DATA BELOW:
════════════════

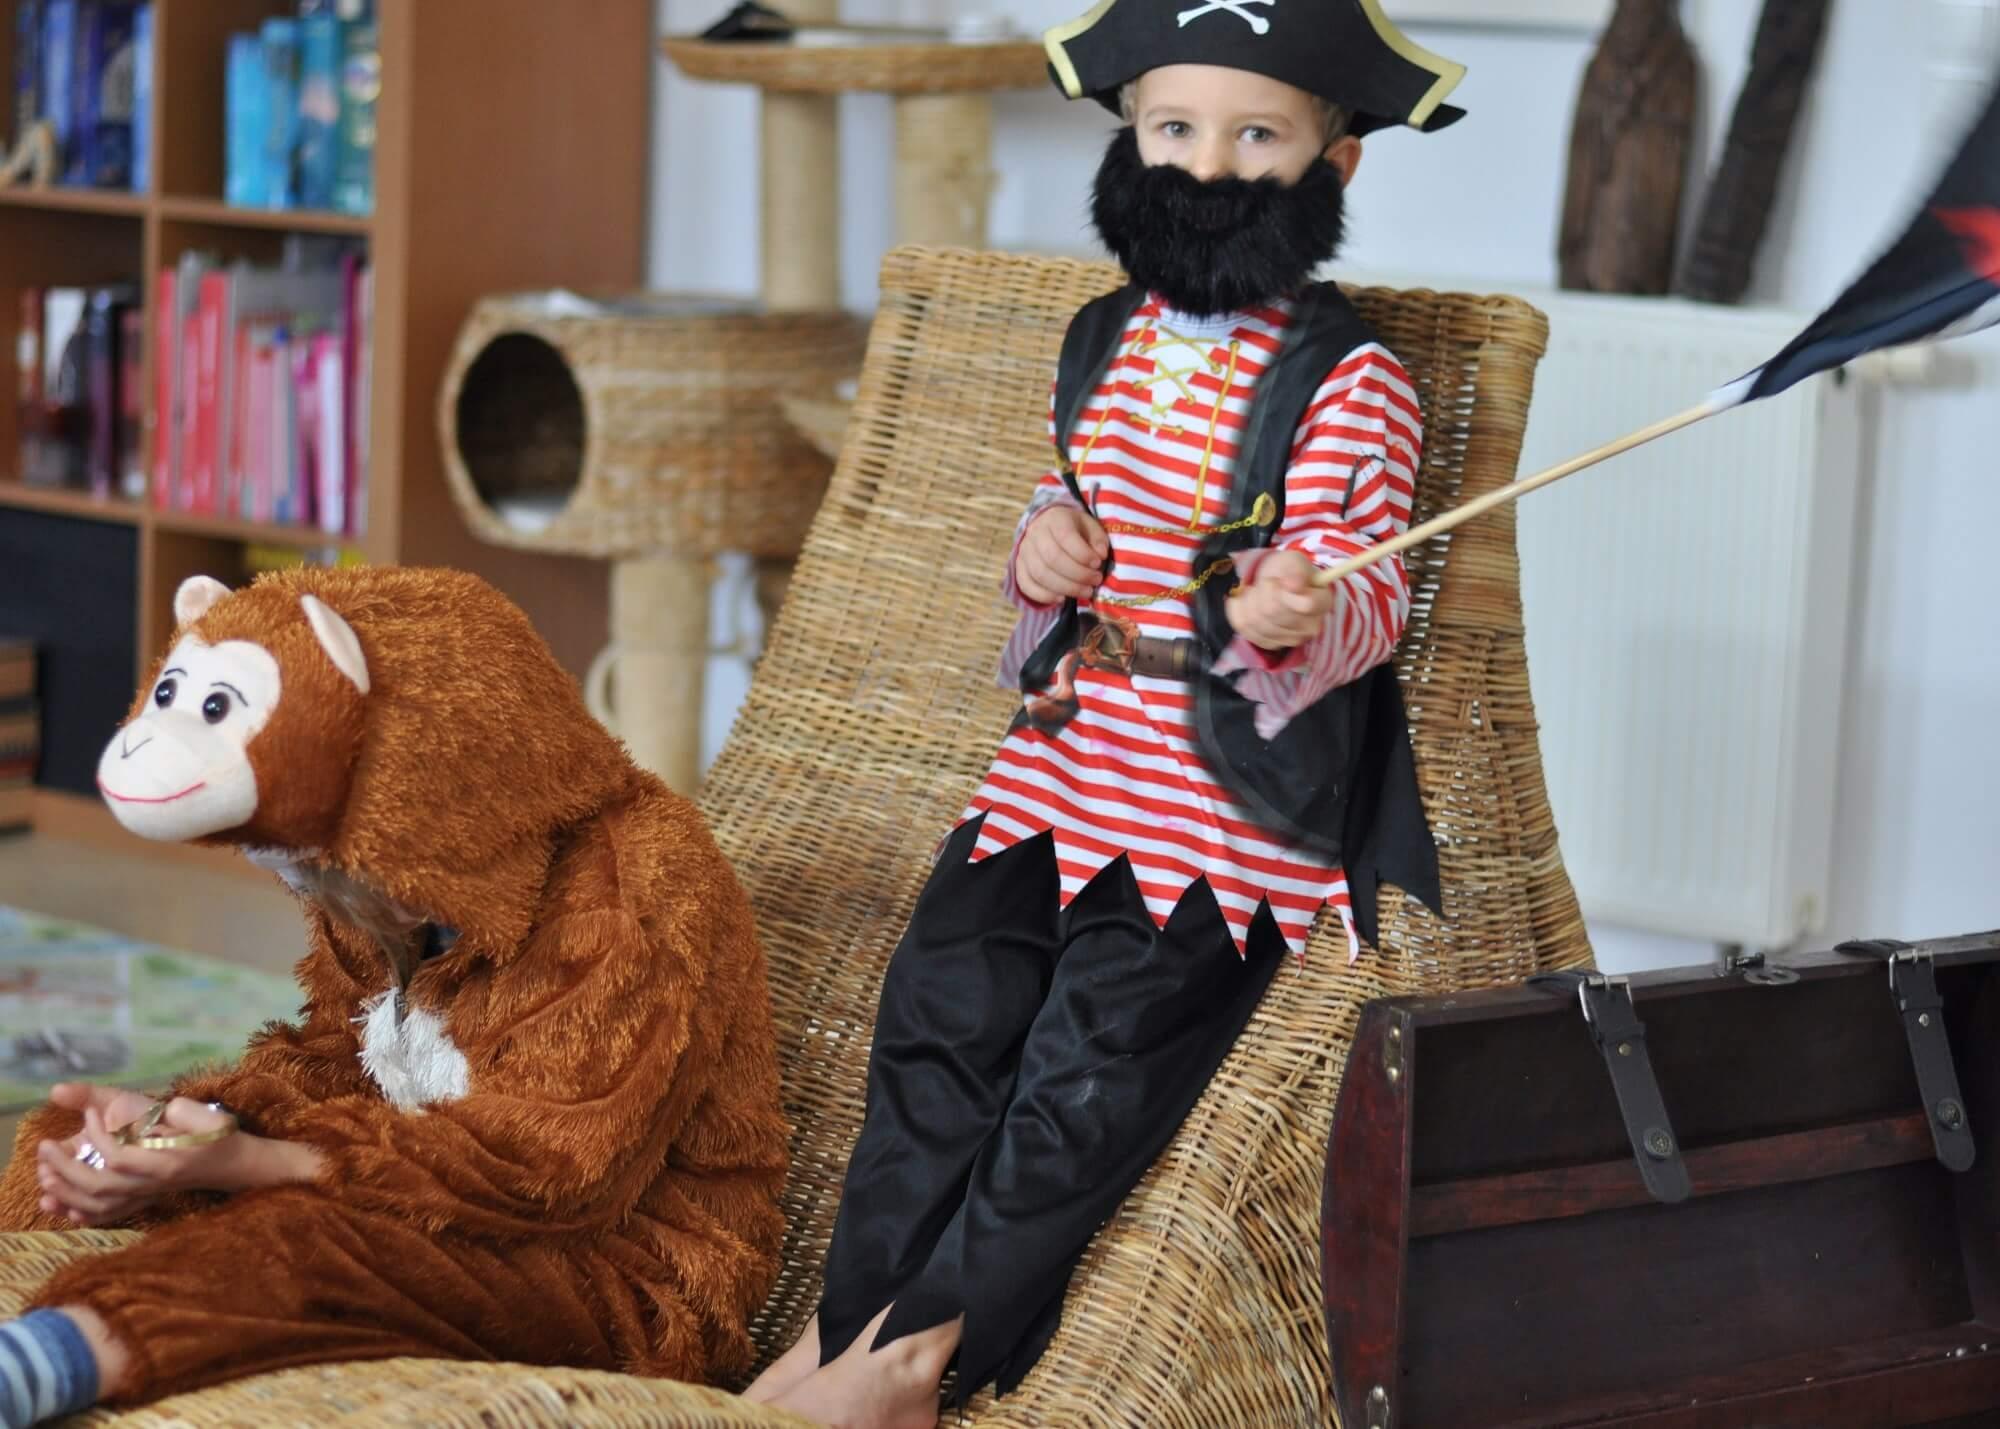 *Werbung * Ich hasse Fasching. Warum ich als Faschings-Muffel-Mama trotzdem weiß, wo es richtig tolle Kinderkostüme zu kaufen gibt und was in eine coole Verkleidungskiste gehört? #karneval #fastnacht #verkleiden #fasching #kostüm #kinder #affe #pirat
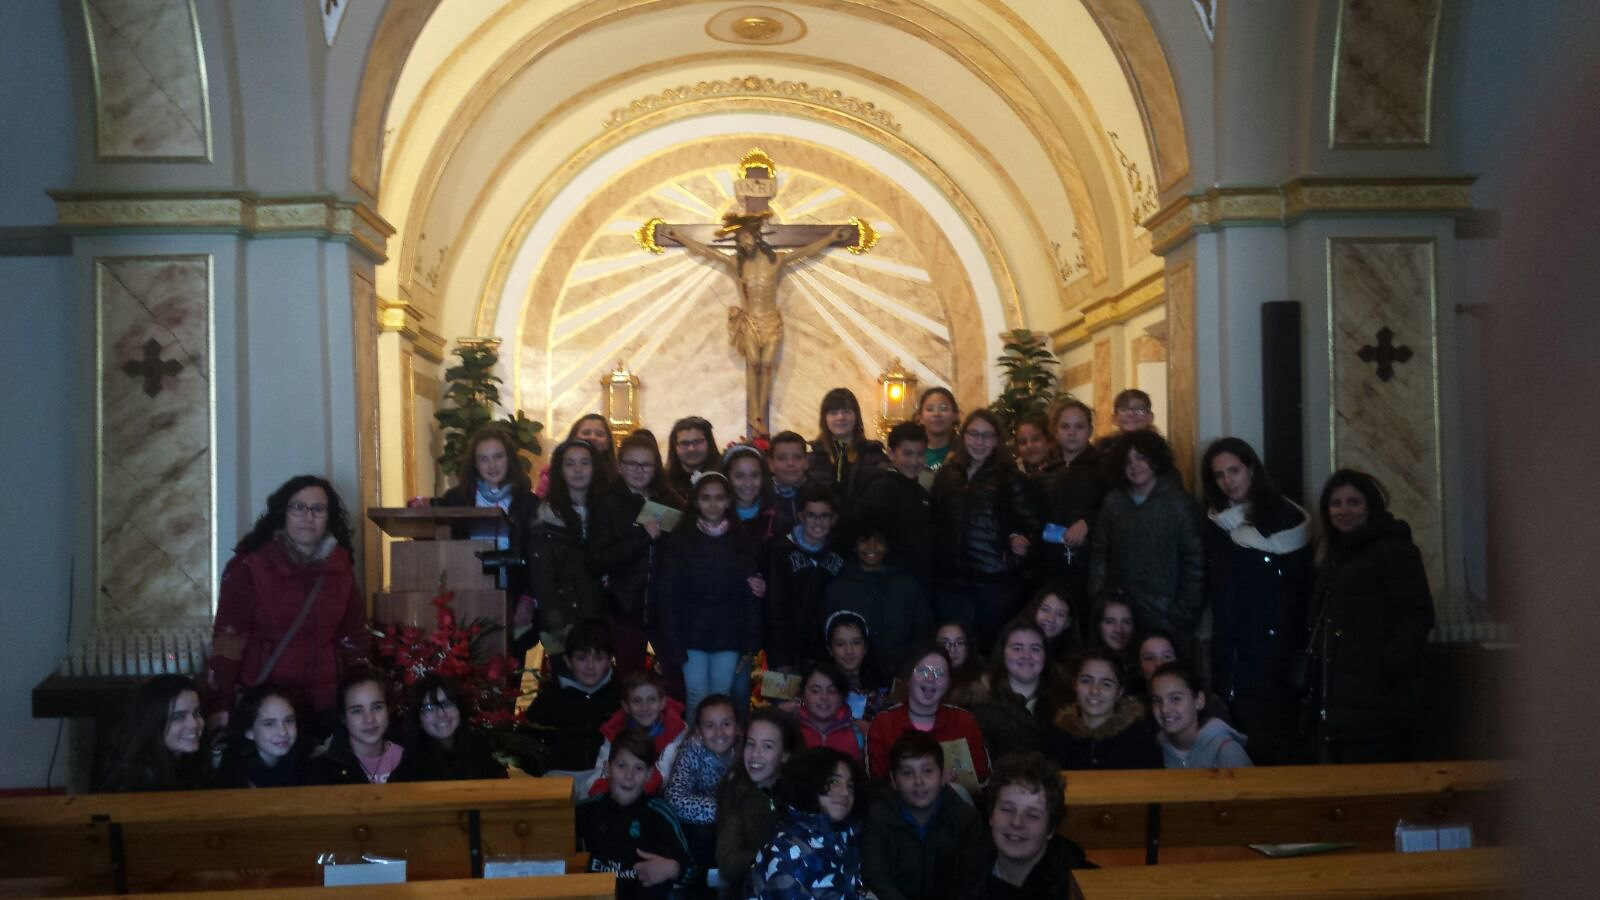 (2018-03-19) - Visita ermita alumnos Yolada-Pilar,6º, Virrey Poveda-9 de Octubre - Maria Isabel Berenquer Brotons - (02)
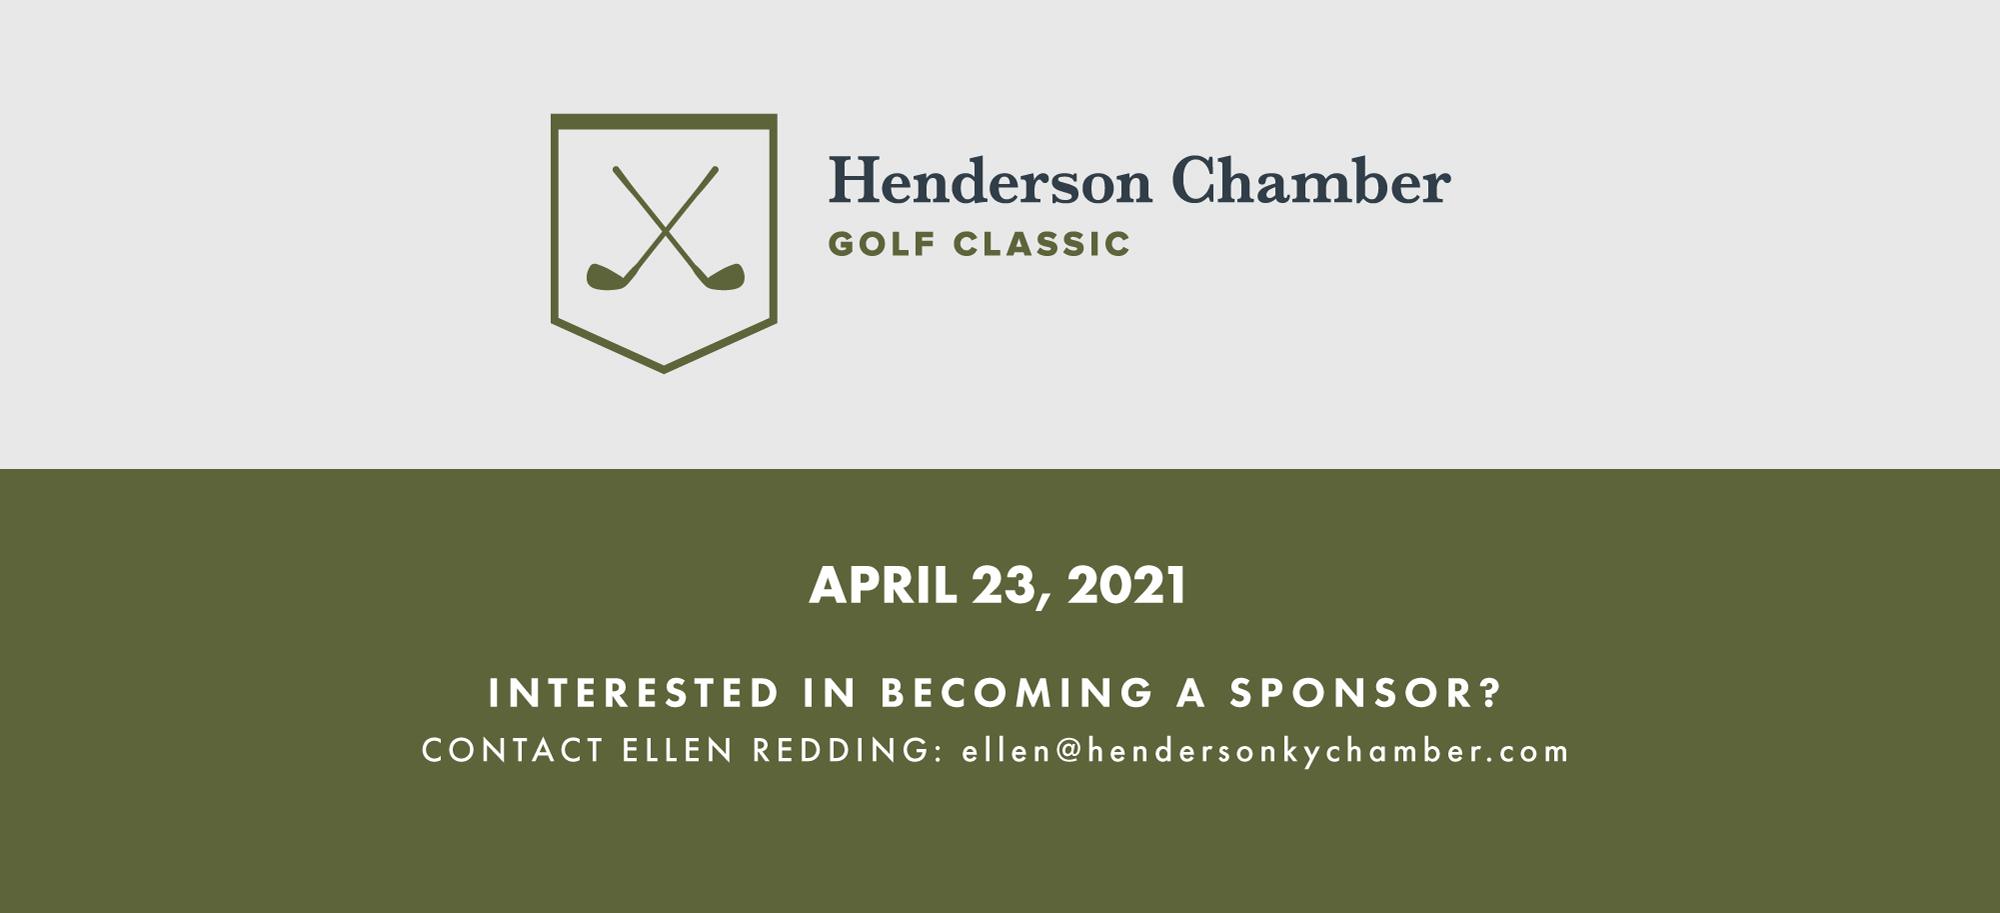 HendersonChamber_GolfClassic_Sponsor
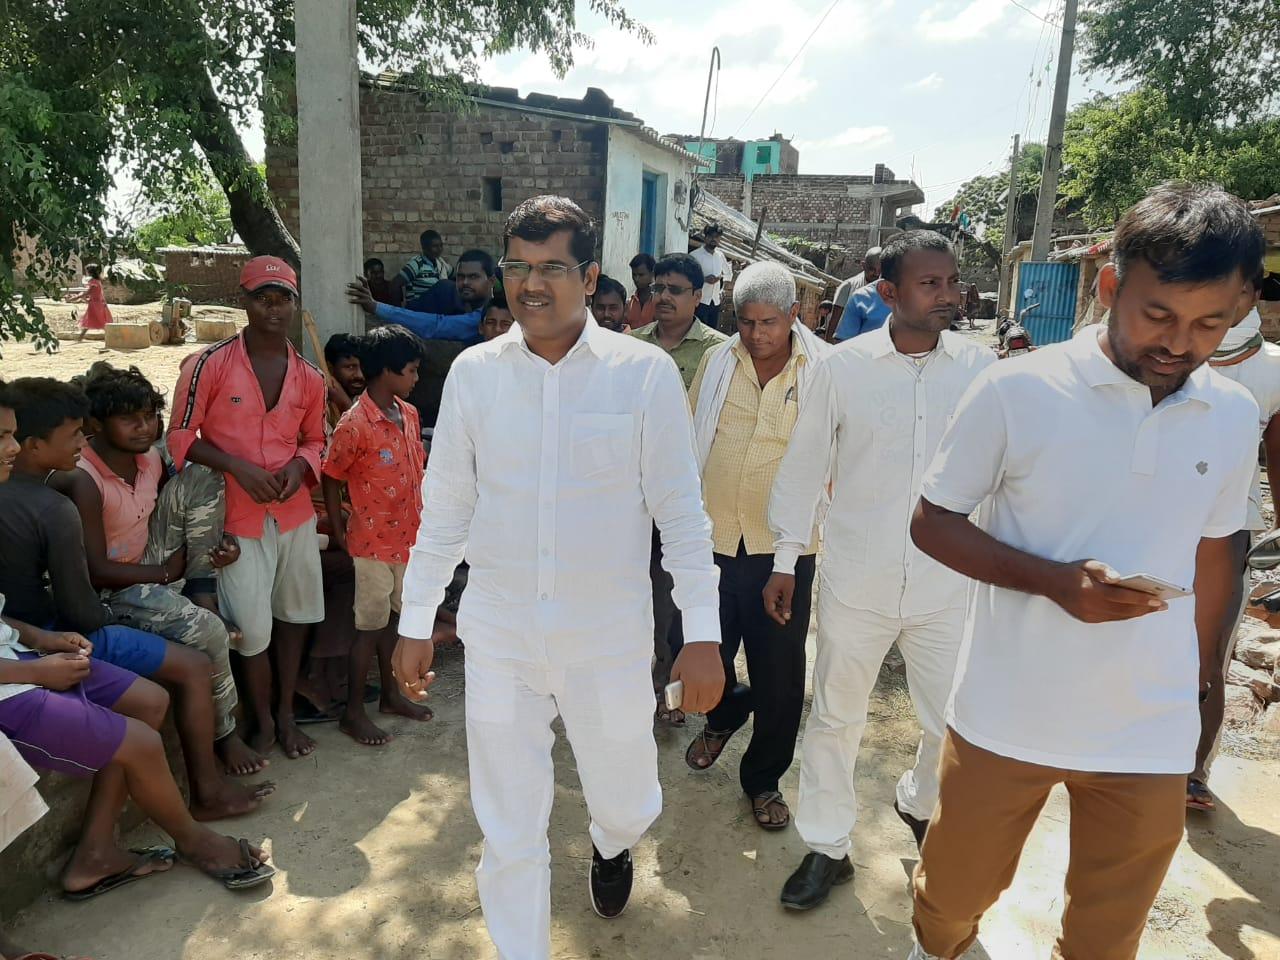 शेखपुरा विधानसभा क्षेत्र के घाट कुसुमभा प्रखंड के विभिन्न गांवों में पप्पू चौहान ने चलाया जनसंपर्क अभियान

════════════════

GOAL OF THE EXERCISE: Omit the pictures, then quote the rest of the material above exactly.

RESULT OF THE EXERCISE:
 *Werbung * Ich hasse Fasching. Warum ich als Faschings-Muffel-Mama trotzdem weiß, wo es richtig tolle Kinderkostüme zu kaufen gibt und was in eine coole Verkleidungskiste gehört? #karneval #fastnacht #verkleiden #fasching #kostüm #kinder #affe #pirat
 (2018-03-19) - Visita ermita alumnos Yolada-Pilar,6º, Virrey Poveda-9 de Octubre - Maria Isabel Berenquer Brotons - (02)
 HendersonChamber_GolfClassic_Sponsor
 शेखपुरा विधानसभा क्षेत्र के घाट कुसुमभा प्रखंड के विभिन्न गांवों में पप्पू चौहान ने चलाया जनसंपर्क अभियान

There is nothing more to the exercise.